The CMake build system has now been structured as a library and packaged with a a sample app named Thunderfall that can do primitive parsing of the RemGlk JSON and basic input of Glk character and line modes. The JSON parsing code is largely taken from the February 11, 2017 release of Thunderstrike example app on GitHub. But now you can completely compile RemGlk + Glulxe and run them all in a single app. The code also demonstrates how to include a story data file in the APK assets and to extract it to play. Link: github.com/WakeRealityDev/IFTer … droidCMake

This puts the technical side all on the very latest of Android Studio and Android NDK 15c. Now it’s all pure in the new CMake system and demonstrates how a story author could bundle their story into a distributed APK. All the added Android stuff is licensed Apache 2.0 - which allows liberal use of the code, including commercial.

Bundling a story into a distributed APK? Heaven help us! You’re talking about undoing ALL of the benefits of the traditional interpreter/story file separation.
Oh, well. It failed to catch on when they were doing it with Windows EXE files. Hopefully this idea dies quickly.

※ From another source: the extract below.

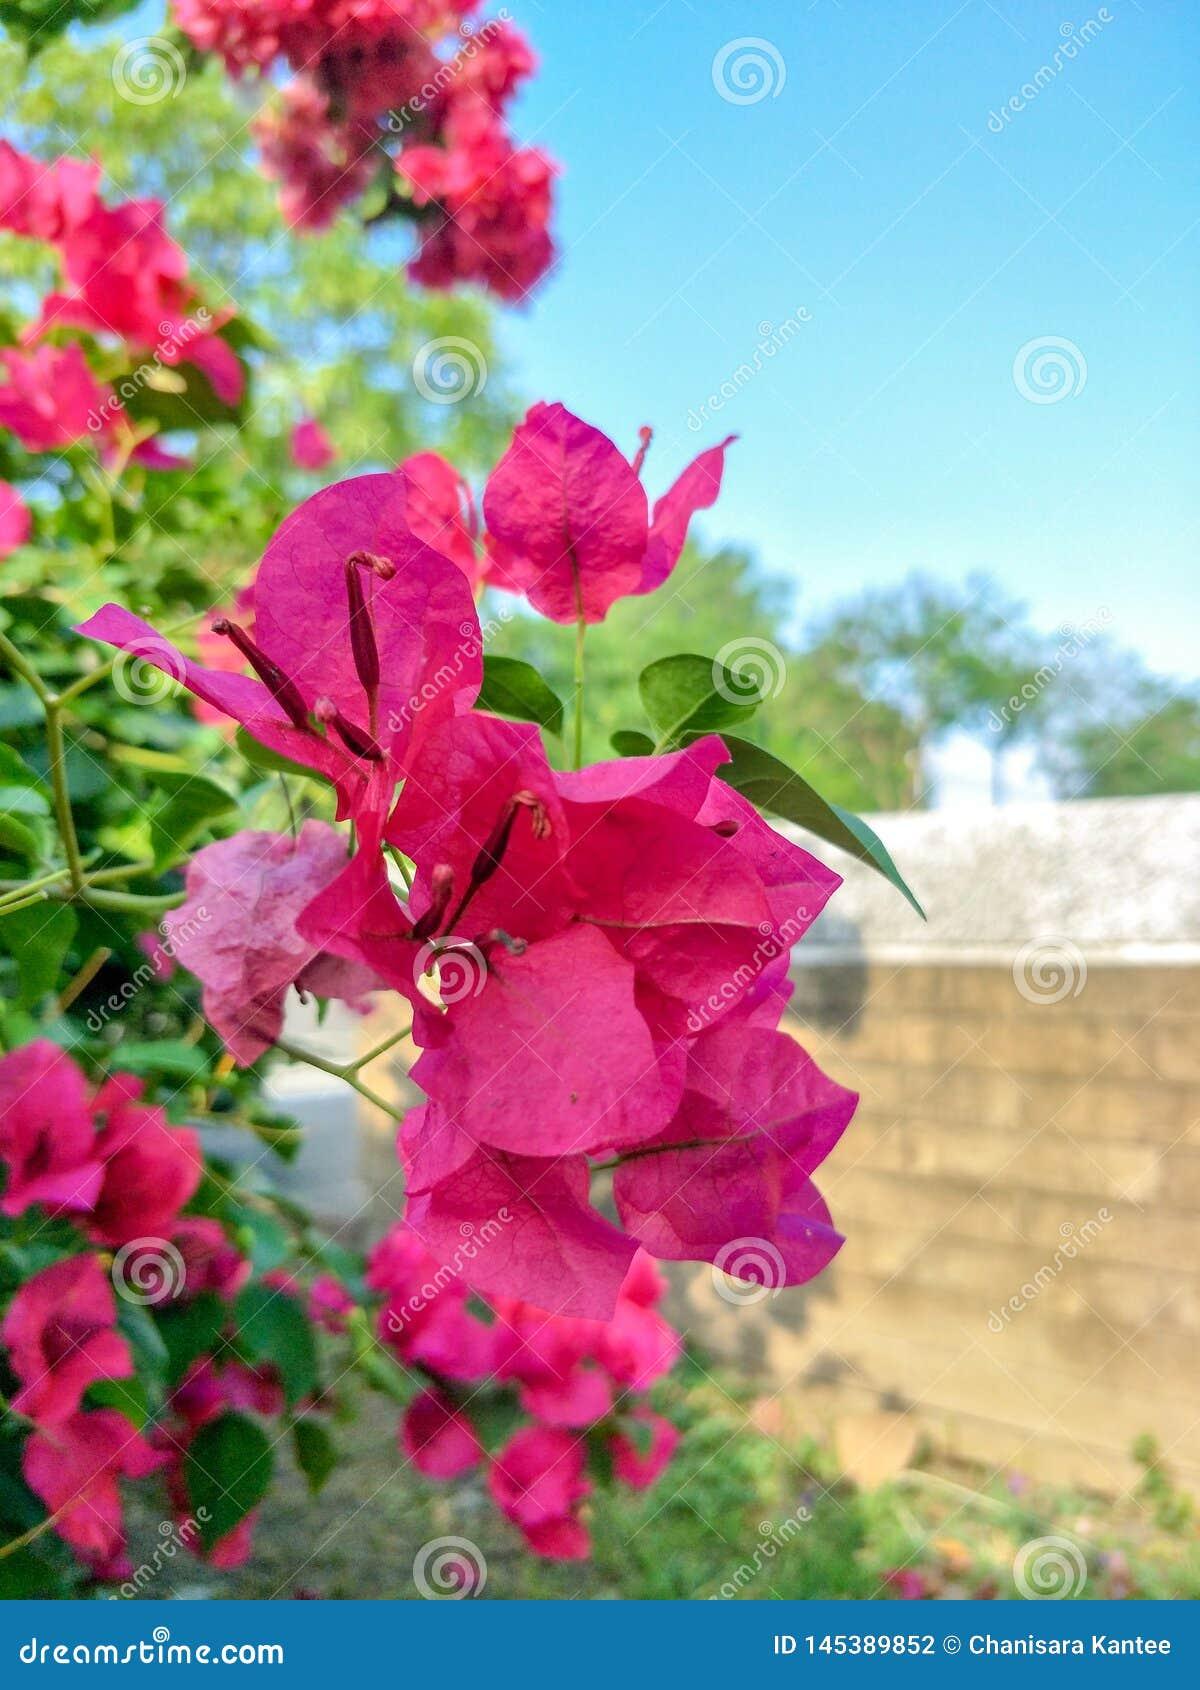 Bouganvillablumen, Papierblumen der schönen rosa Blume

You don’t always want separation.

If you want to publish your story as a product, you’re going to need it bundled all in one, regardless of how it works internally.

I clearly don’t understand your point. There are thousands of interactive fiction stories being published on Google Play, Apple iTunes, Valve Steam, etc this way. It’s a topic of conversation (how-to) on these forums years before I came along in 2016. In fact, that’s exactly how Zork and classic IF is distributed - binary interpreter + binary data files in one “application” set of files. Putting a gblorb file inside of an APK in the assets directory is no different than putting a JPEG or GIF file or audio file or any other data file. It doesn’t even encrypt it, you can use unzip to extract the story right out of the APK. An APK is literally just another name for .zip file. The app is entirely self-contained, never accesses the Internet, and can play offline - such as in airplane mode. Doesn’t the Inform 7 IDE essentially do the same thing to create a bundle of the story data file + Quixe?

The Inform 7 IDE actually releases a base-64-encoded version of the game file, so it’s a bit of trouble to extract the original.

But yes, the entirety of the IF renaissance of the past several years has been about packaging up game files. Nobody has to see that “traditional interpreter/story file separation” unless they really, really want to.

Posted on GitHub just now: In addition to Glulxe CMake file, there is now a git checkout script and CMake file for Git, Magnetic, and Level9 interpreters.